Quick Links

Re: LIKE and regex

Lists:	pgsql-sql

From:	"Mitch Vincent" <mitch(at)venux(dot)net>
To:	<pgsql-sql(at)postgresql(dot)org>
Subject:	LIKE and regex
Date:	2000-05-18 15:49:17
Message-ID:	014b01bfc0e0$9fb352c0$4100000a@venux.net
Views:	Raw Message \| Whole Thread \| Download mbox \| Resend email
Lists:	pgsql-sql

I'm wondering if LIKE uses regex internally.. I'm trying to find the
quickest / fastest way to search for any occurance of a given string in a
stored field.

I tried both of these :

query: select * from applicants where firstname LIKE '%mitch%';
ProcessQuery
! system usage stats:
! 0.407890 elapsed 0.104924 user 0.139892 system sec
! [0.133769 user 0.149507 sys total]
! 6/13 [7/13] filesystem blocks in/out
! 0/60 [0/425] page faults/reclaims, 0 [0] swaps
! 0 [0] signals rcvd, 0/0 [3/3] messages rcvd/sent
! 6/15 [8/26] voluntary/involuntary context switches
! postgres usage stats:
! Shared blocks: 1301 read, 0 written, buffer hit rate
= 41.21%
! Local blocks: 0 read, 0 written, buffer hit rate
= 0.00%
! Direct blocks: 0 read, 0 written

query: select * from applicants where firstname ~ lower('mitch');
ProcessQuery
! system usage stats:
! 0.234621 elapsed 0.101358 user 0.124995 system sec
! [0.287402 user 0.242496 sys total]
! 0/5 [160/10] filesystem blocks in/out
! 0/0 [0/434] page faults/reclaims, 0 [0] swaps
! 0 [0] signals rcvd, 0/0 [4/4] messages rcvd/sent
! 0/35 [153/55] voluntary/involuntary context switches
! postgres usage stats:
! Shared blocks: 1243 read, 0 written, buffer hit rate
= 0.24%
! Local blocks: 0 read, 0 written, buffer hit rate
= 0.00%
! Direct blocks: 0 read, 0 written

While there is quite a load on that box right now (doing a big CLUSTER) I
tried the above queries 3 times, the above is the result of both 3rd-round
queries.. It looks like LIKE is faster to me.. Any comments?

Thanks!

- Mitch

"The only real failure is quitting."

From:	Tom Lane <tgl(at)sss(dot)pgh(dot)pa(dot)us>
To:	"Mitch Vincent" <mitch(at)venux(dot)net>
Cc:	pgsql-sql(at)postgresql(dot)org
Subject:	Re: LIKE and regex
Date:	2000-05-18 16:35:17
Message-ID:	24106.958667717@sss.pgh.pa.us
Views:	Raw Message \| Whole Thread \| Download mbox \| Resend email
Lists:	pgsql-sql

"Mitch Vincent" <mitch(at)venux(dot)net> writes:
> I'm wondering if LIKE uses regex internally.

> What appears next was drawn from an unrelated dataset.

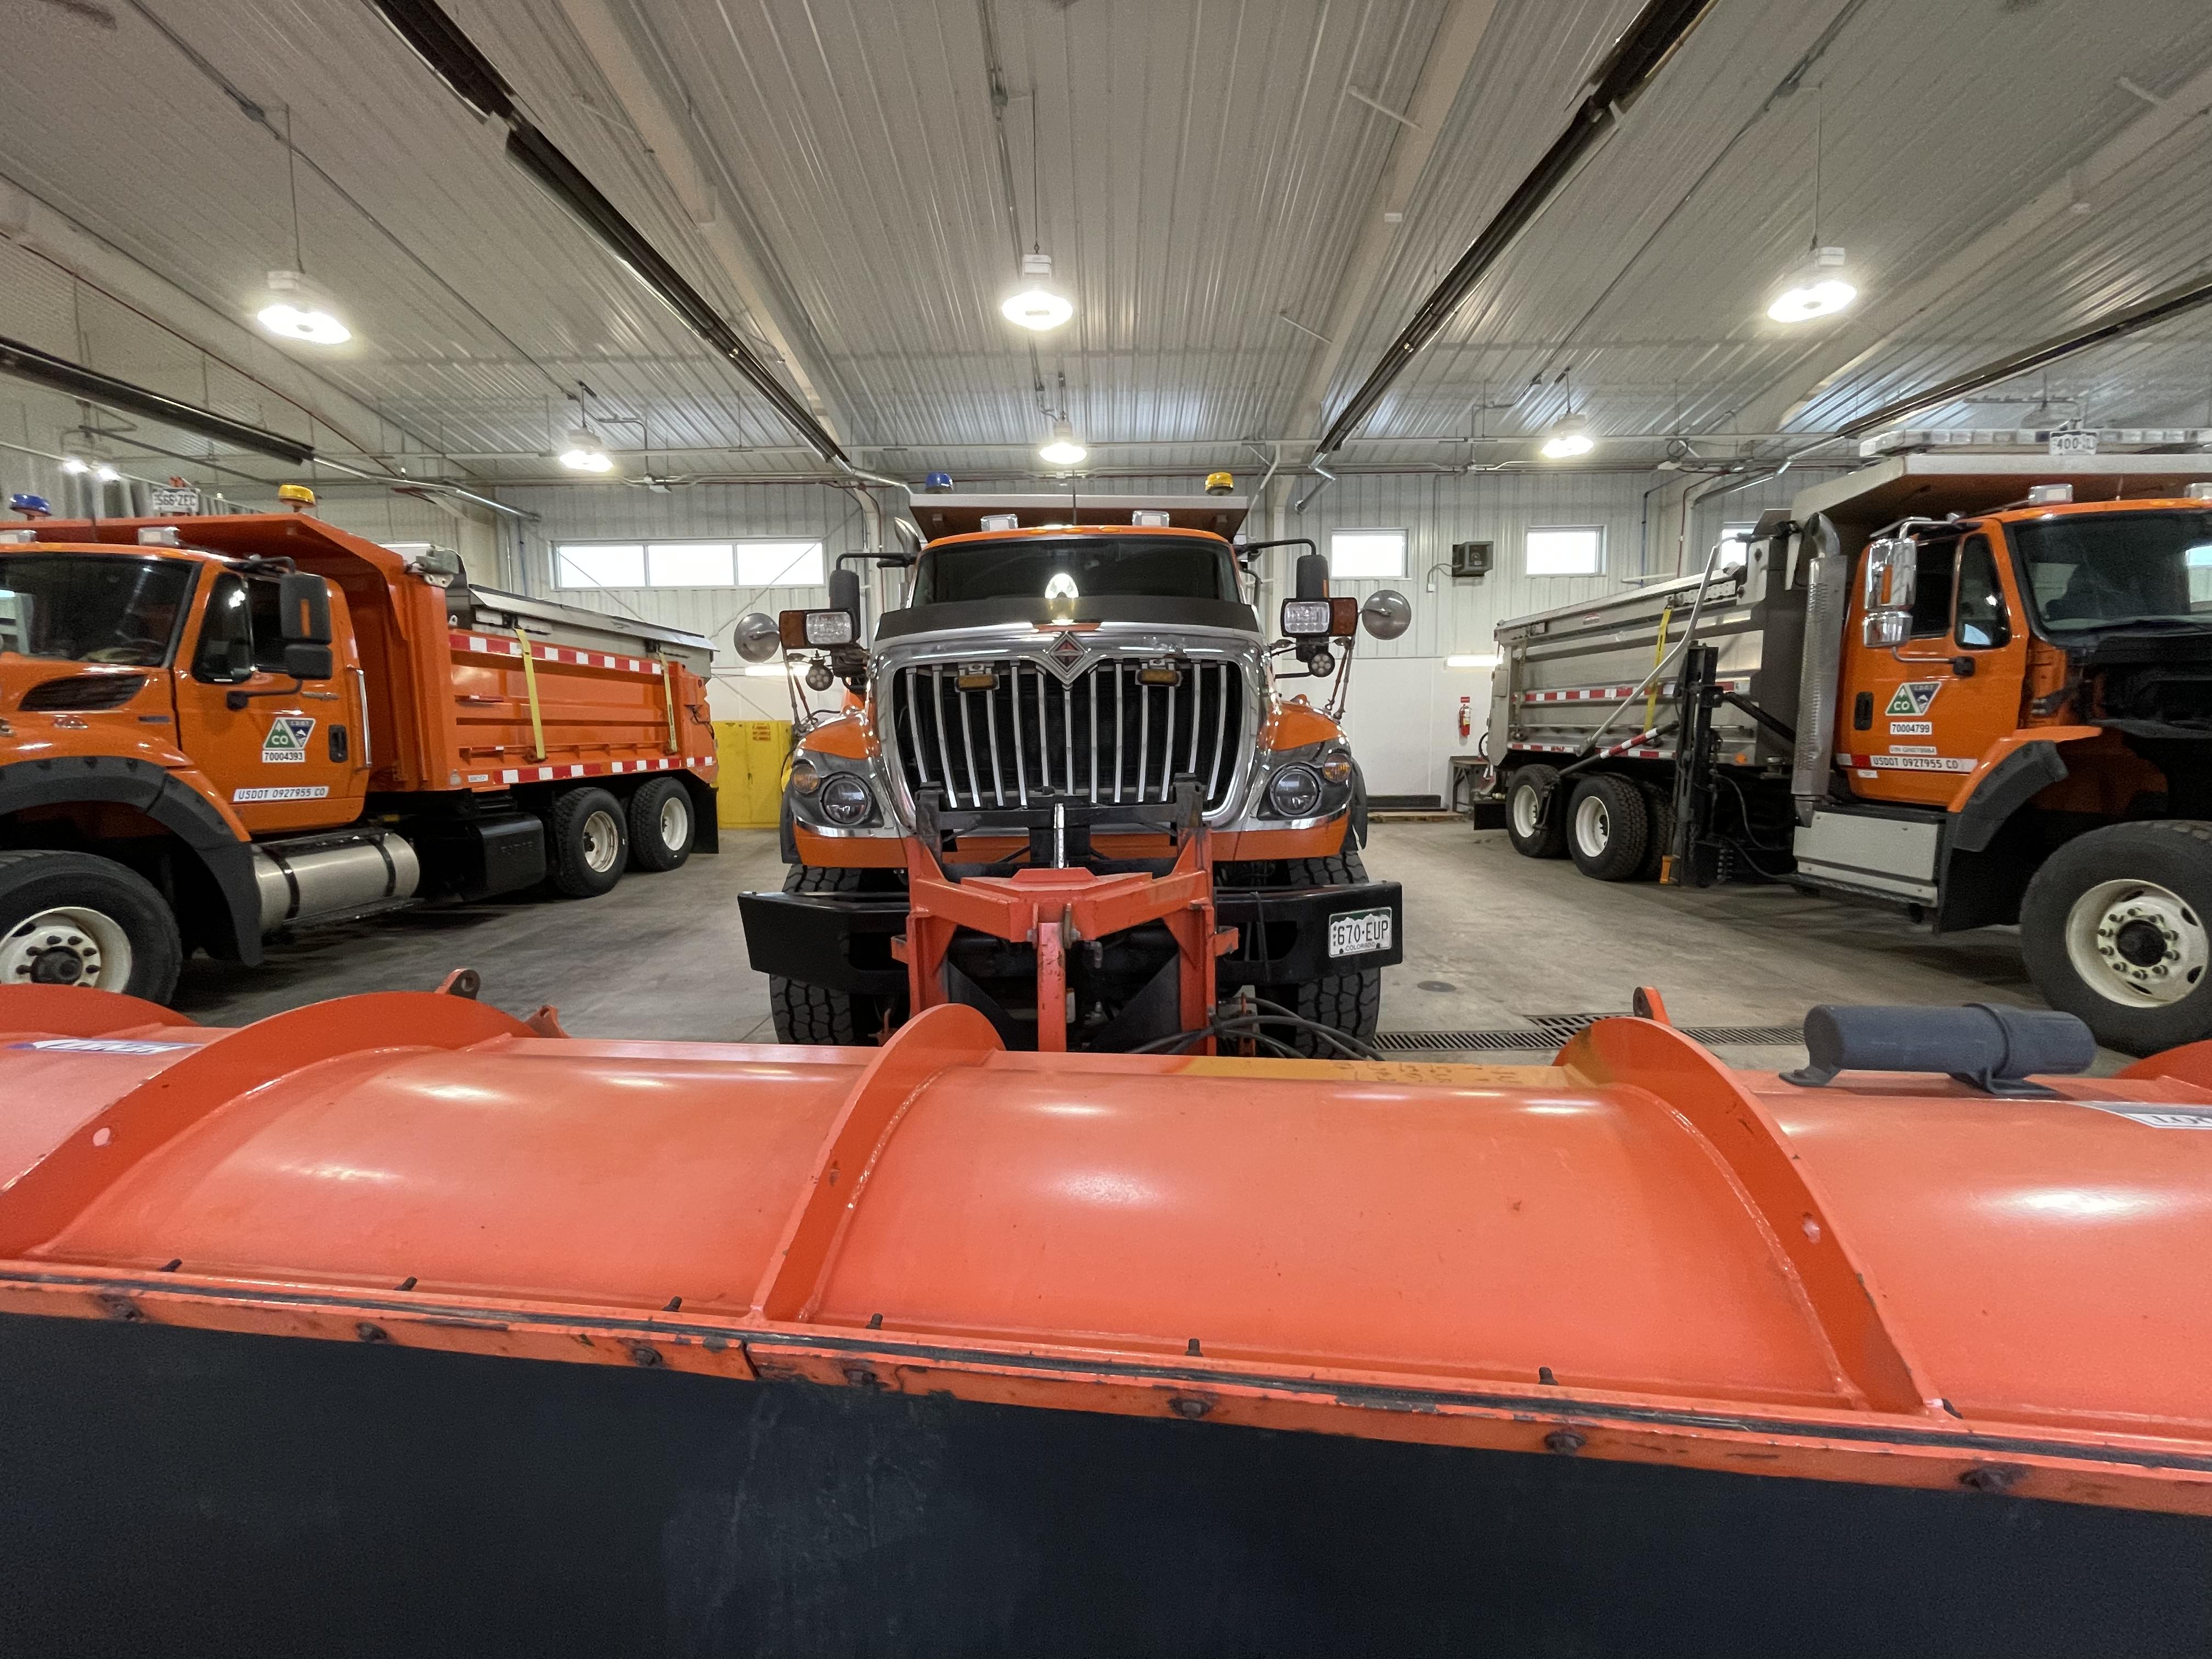 CDOT snowplows lined up and ready for winter operations

No, it's just a pretty brain-dead scanner. You can find the code in
backend/utils/adt/like.c if you care.

Perhaps it'd make sense to translate the LIKE pattern into an equivalent
regex and then use the regex code, but no one's done it.

> I'm trying to find the
> quickest / fastest way to search for any occurance of a given string in a
> stored field.
> query: select * from applicants where firstname LIKE '%mitch%';
> query: select * from applicants where firstname ~ lower('mitch');

I think the actual operator processing is going to be swamped by
tuple-fetching overhead, so there's not going to be much difference.
What you ought to be thinking about is how you could replace the
brute-force scan with an index lookup. Possibly you could adapt the
ideas in contrib/fulltextindex.

regards, tom lane

From:	"Mitch Vincent" <mitch(at)venux(dot)net>
To:	"Tom Lane" <tgl(at)sss(dot)pgh(dot)pa(dot)us>
Cc:	<pgsql-sql(at)postgresql(dot)org>
Subject:	Re: LIKE and regex
Date:	2000-05-18 17:25:28
Message-ID:	01c101bfc0ee$0fe3ccc0$4100000a@venux.net
Views:	Raw Message \| Whole Thread \| Download mbox \| Resend email
Lists:	pgsql-sql

> No, it's just a pretty brain-dead scanner. You can find the code in
> backend/utils/adt/like.c if you care.

I shall take a look, thanks!

> Perhaps it'd make sense to translate the LIKE pattern into an equivalent
> regex and then use the regex code, but no one's done it.
>
> > I'm trying to find the
> > quickest / fastest way to search for any occurance of a given string in
a
> > stored field.
> > query: select * from applicants where firstname LIKE '%mitch%';
> > query: select * from applicants where firstname ~ lower('mitch');
>
> I think the actual operator processing is going to be swamped by
> tuple-fetching overhead, so there's not going to be much difference.
> What you ought to be thinking about is how you could replace the
> brute-force scan with an index lookup. Possibly you could adapt the
> ideas in contrib/fulltextindex.

That's exactly what I'm doing (using ideas in contrib/fulltextindex) -- The
database is huge! (33 million rows right now) so it's taking quite some time
to do any operations on the database right now.. This is certainly to be
expected with as much data as there is stored in there.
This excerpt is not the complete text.